[Opening Available data section]

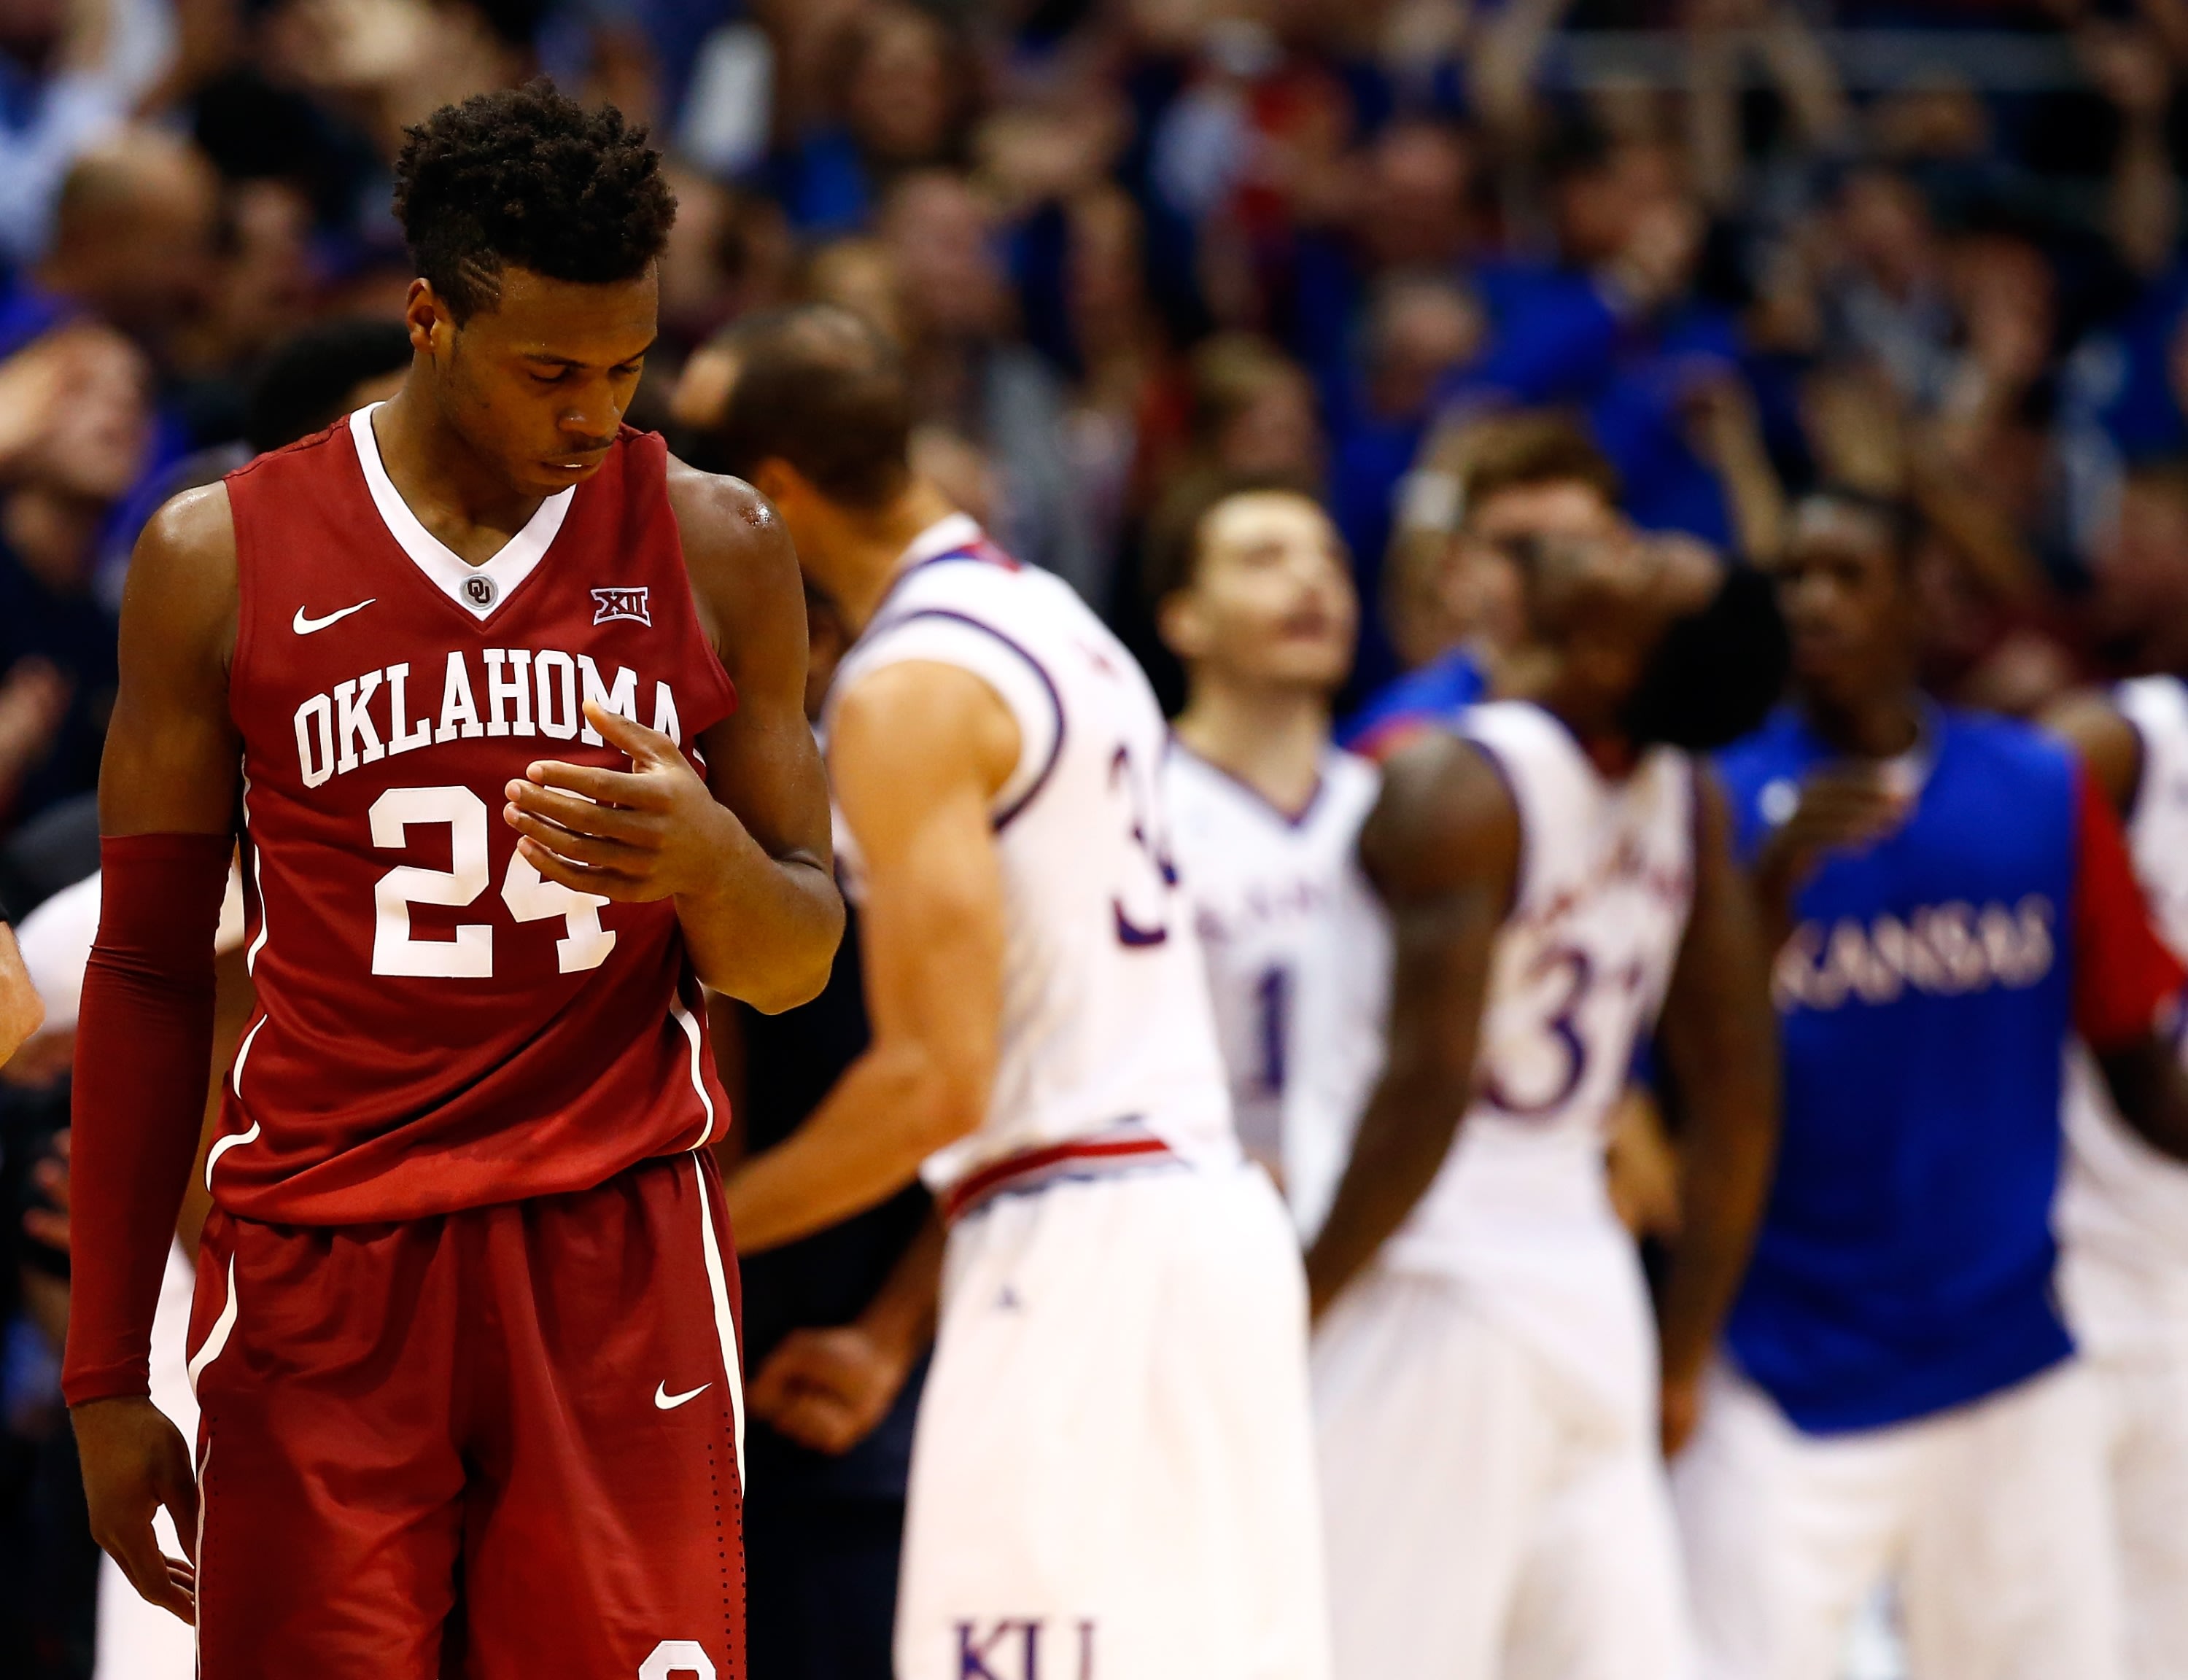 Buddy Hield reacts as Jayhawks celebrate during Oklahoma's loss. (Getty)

[Closing Available data section]
[Opening Available data section]

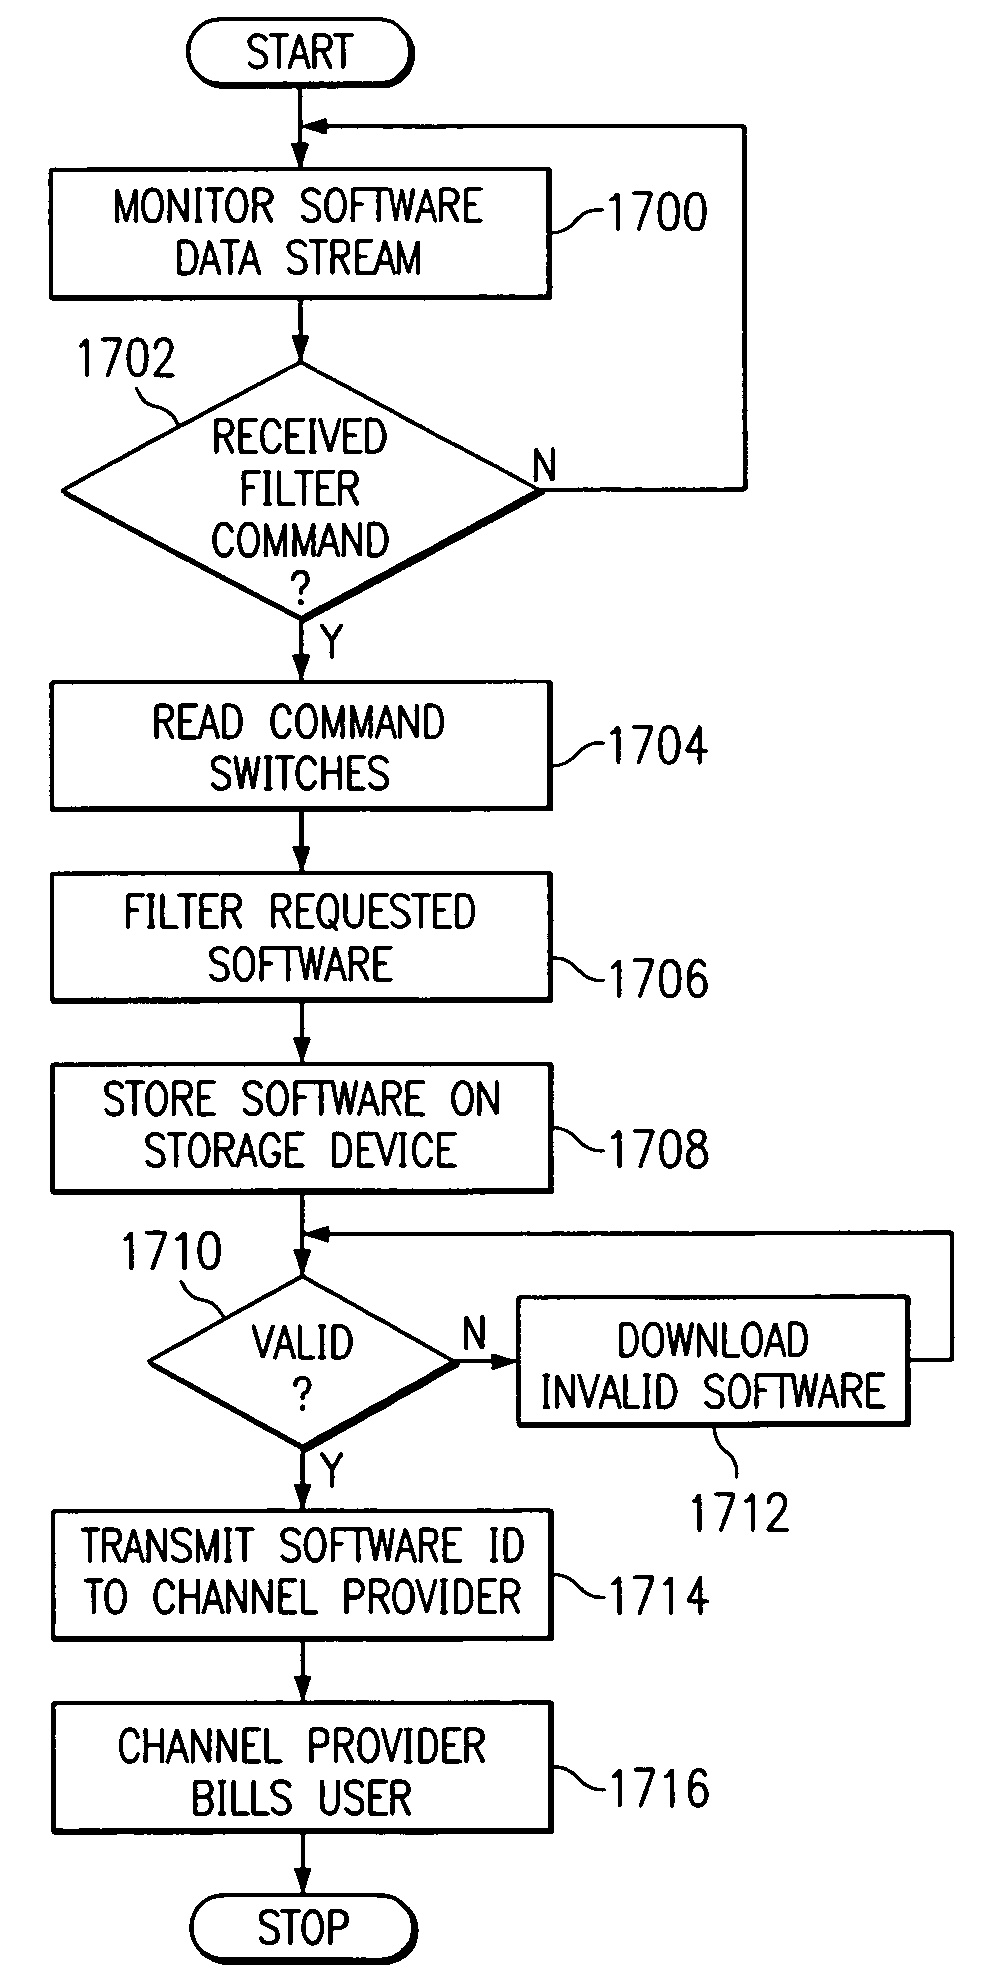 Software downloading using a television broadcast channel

[Closing Available data section]
[Opening Available data section]

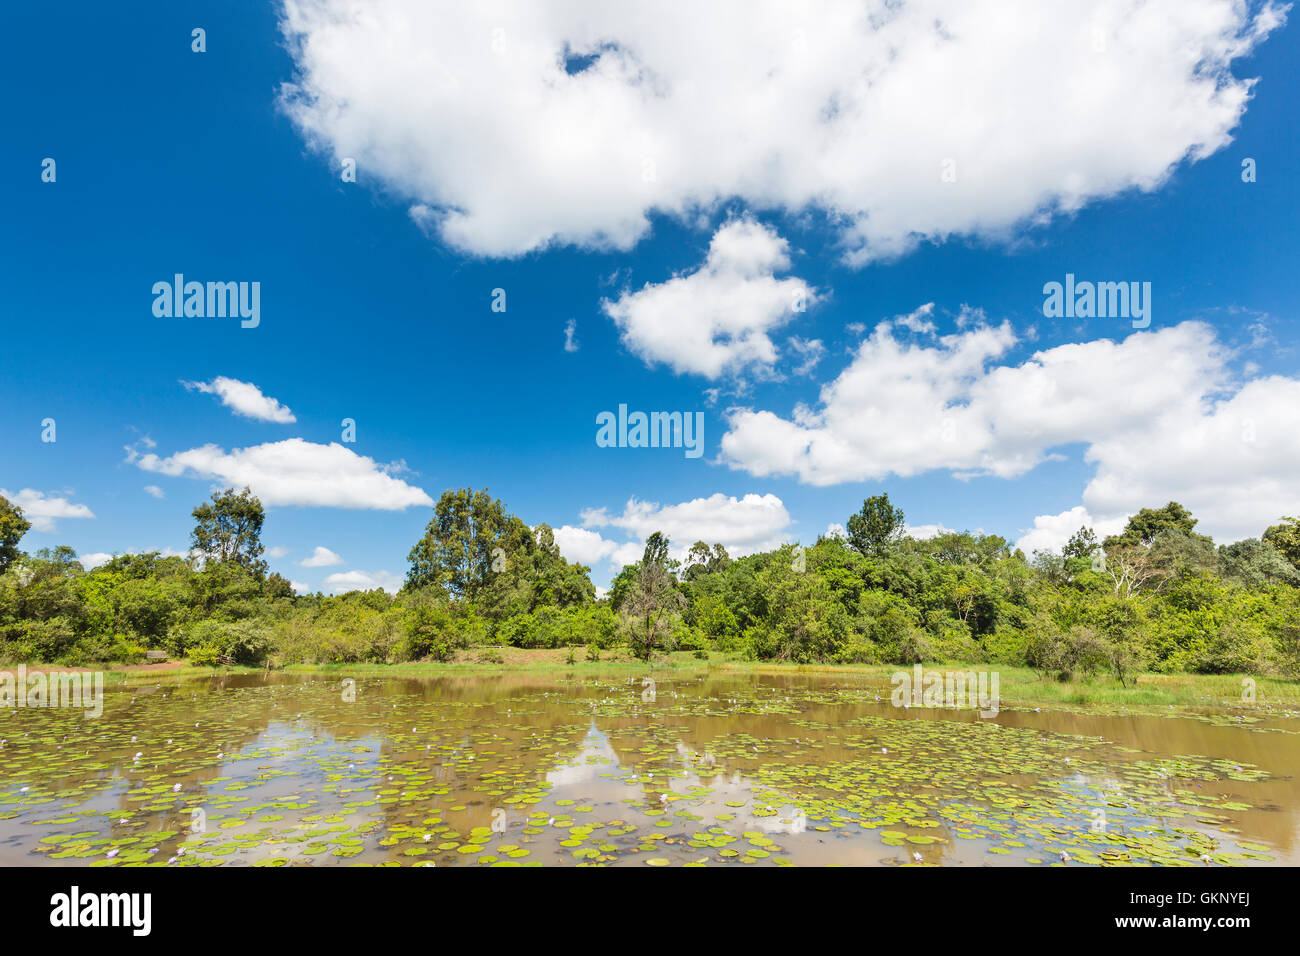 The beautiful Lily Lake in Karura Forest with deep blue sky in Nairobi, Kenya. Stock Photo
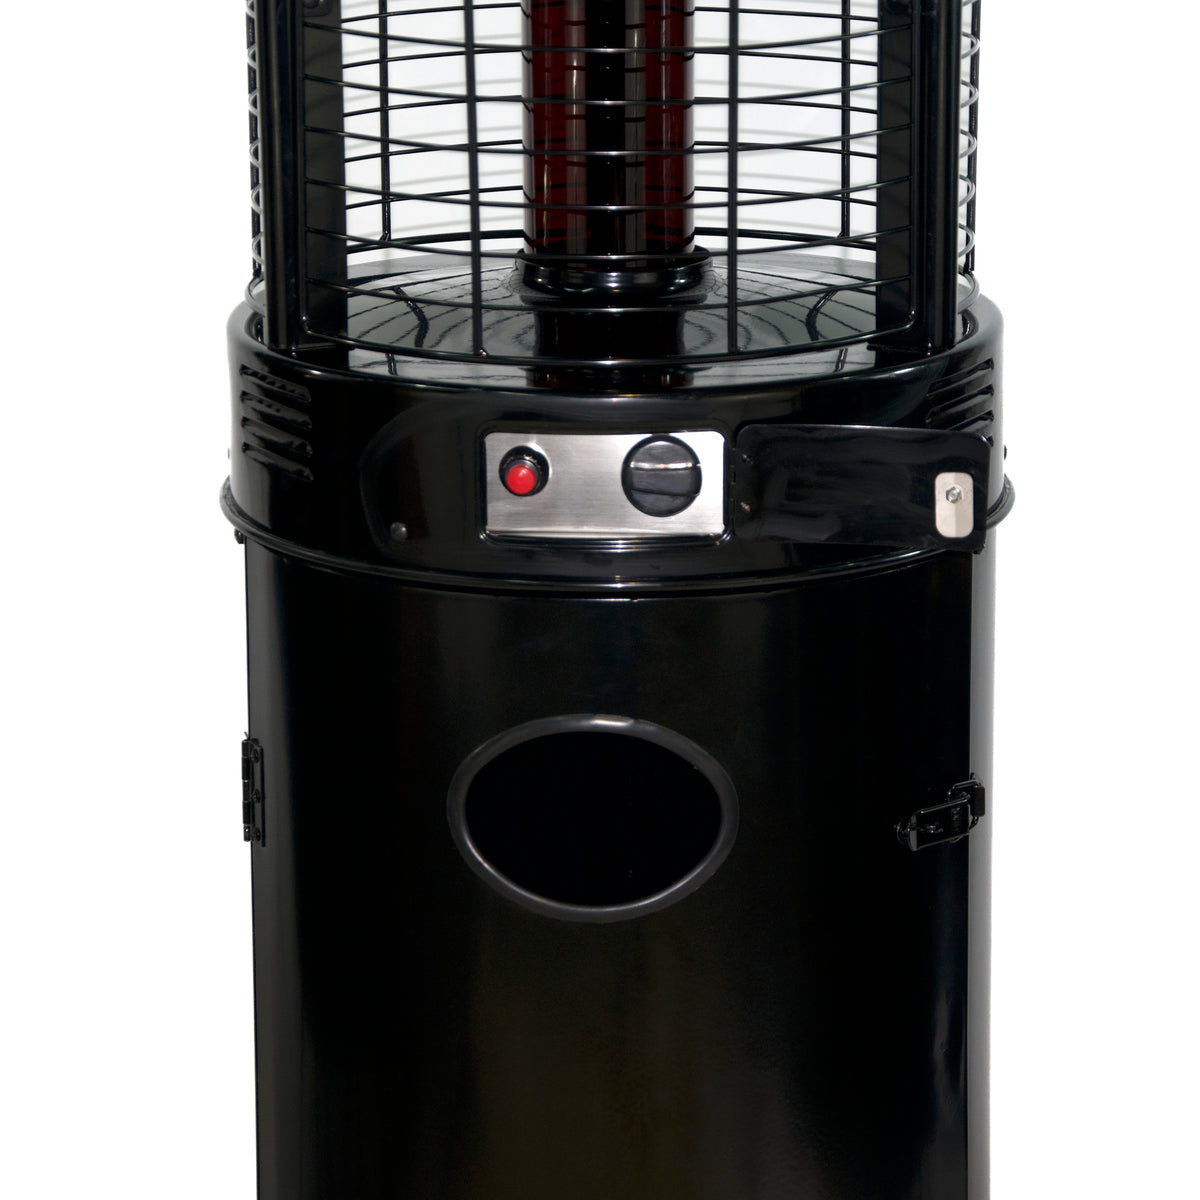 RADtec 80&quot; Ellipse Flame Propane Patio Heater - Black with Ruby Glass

[Closing Available data section]

(Problem to solve): From the records above, output only the lines starting at the one containing "The beautiful Lily" and ending at the one containing "RADtec 80&quot; Ellipse", word for word. Pictures stay out.

(Task answer):
 The beautiful Lily Lake in Karura Forest with deep blue sky in Nairobi, Kenya. Stock Photo
 RADtec 80&quot; Ellipse Flame Propane Patio Heater - Black with Ruby Glass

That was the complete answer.